When it comes to where to stay and eat, the Cipriani family has dominated the Venice hospitality scene for close to a century. Arrigo “Harry” Cipriani, named after the restaurant founded by his father, is still in attendance, at age ninety, every lunchtime at Harry’s Bar. Any trip to La Serenissima should start with one of their legendary Bellinis made with fresh peach juice. Of course, you can eat here, too, but the view is more special across the lagoon at Harry’s Dolci, which serves all the favorites from the family recipe book in a beautiful waterside setting.

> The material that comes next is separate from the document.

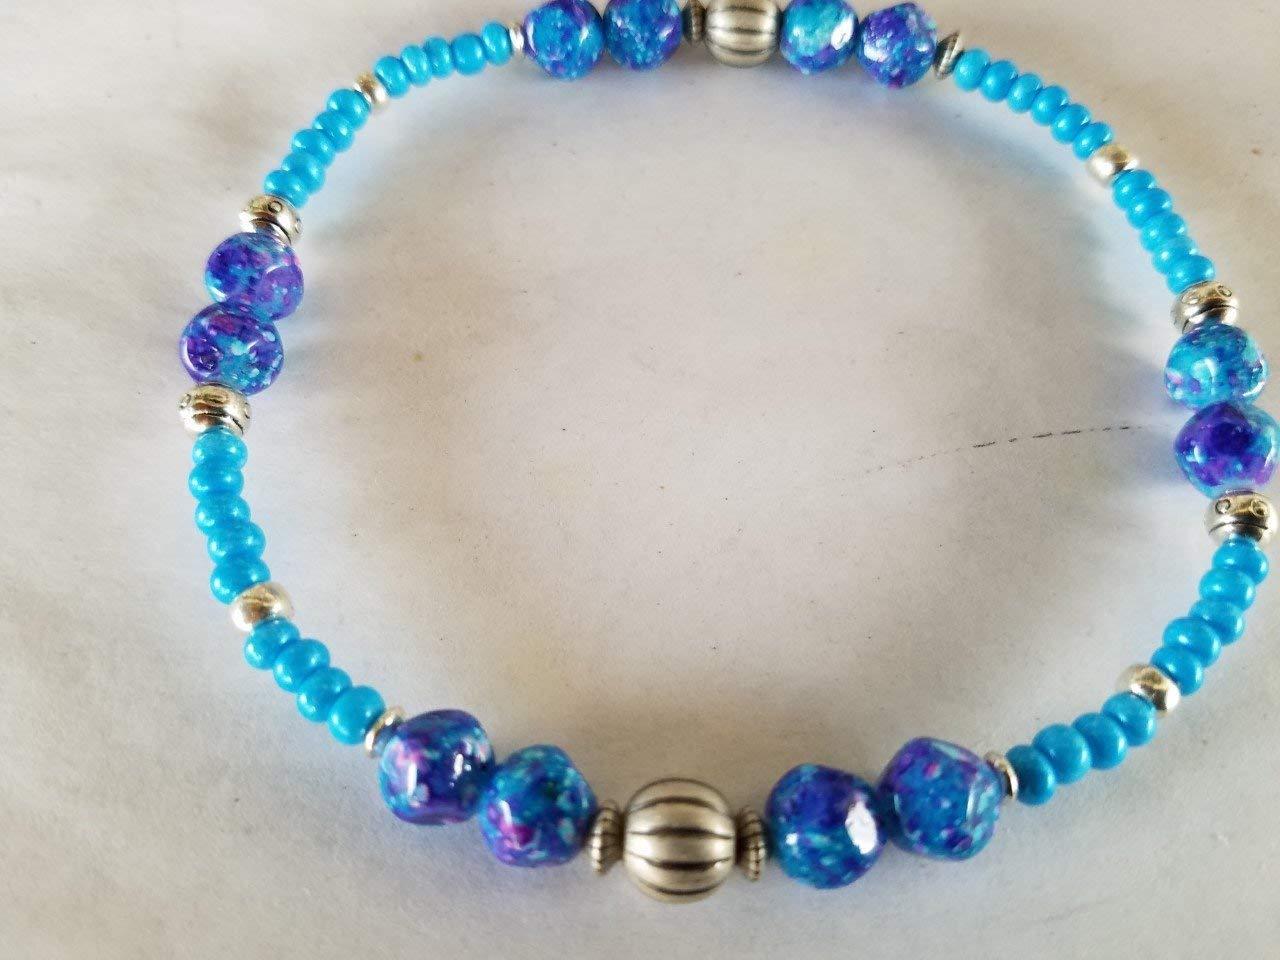 Anklets for Women Beach Anklets Boho Anklet Gemstone Anklets Summer Anklets Ankle Bracelet Faceted Glass Blue Purple White Beads Chic Anklet

Harry’s Dolci is on the island of Giudecca, down the road from the Cipriani—still the best five-star hotel in Venice, even though the founding family no longer owns it. It is part of the prestigious Belmond collection, so guests are in great hands. Even if you are not staying, don’t miss lunch at the hotel’s glorious new alfresco seafood restaurant, Il Porticciolo—especially recommended for its raw plate and divine lemon sherbet served in a frozen shell. George Clooney is said to be a fan of the hotel’s bar, but for his stag night, he chose Da Ivo back in busy San Marco, which is accustomed to serving “picky” Americans. The decor of this tiny but perfectly formed trattoria is movie-set Italian, its service impeccable, and its langoustines and beefsteak alla fiorentina to die for. It’s possible to arrive and depart by gondola, given the restaurant’s romantic canal-side location.
When it comes to where to stay and eat, the Cipriani family has dominated the Venice hospitality scene for close to a century.
Venice has hosted several five-star hotel openings this year, two particularly appropriate for Biennale-goers. The Radisson Palazzo Nani, an exquisite new conversion of a seventeenth-century home, sits on the atmospheric Cannaregio Canal. It is opposite the Palazzo Manfrin, recently taken over by sculptor Anish Kapoor, who has packed the ancient house with mountains of red wax and piles of scarlet, black, and cobalt pigment, as well as his signature mirrored surfaces. More central is Ca’ di Dio, a luxe medieval monastery conversion behind the Arsenale vaporetto stop, ideally placed to walk to both of the main Biennale sites, with a sidewalk restaurant perfect for people-watching.
Remember that the Arsenale and Giardini are closed on Mondays, while the Guggenheim closes on Tuesdays. Plan a visit accordingly, as all three are unmissable—the stuff of memories to sustain the lover of fine art until fresh excitement returns to La Serenissima with the next beautiful Biennale in April 2024.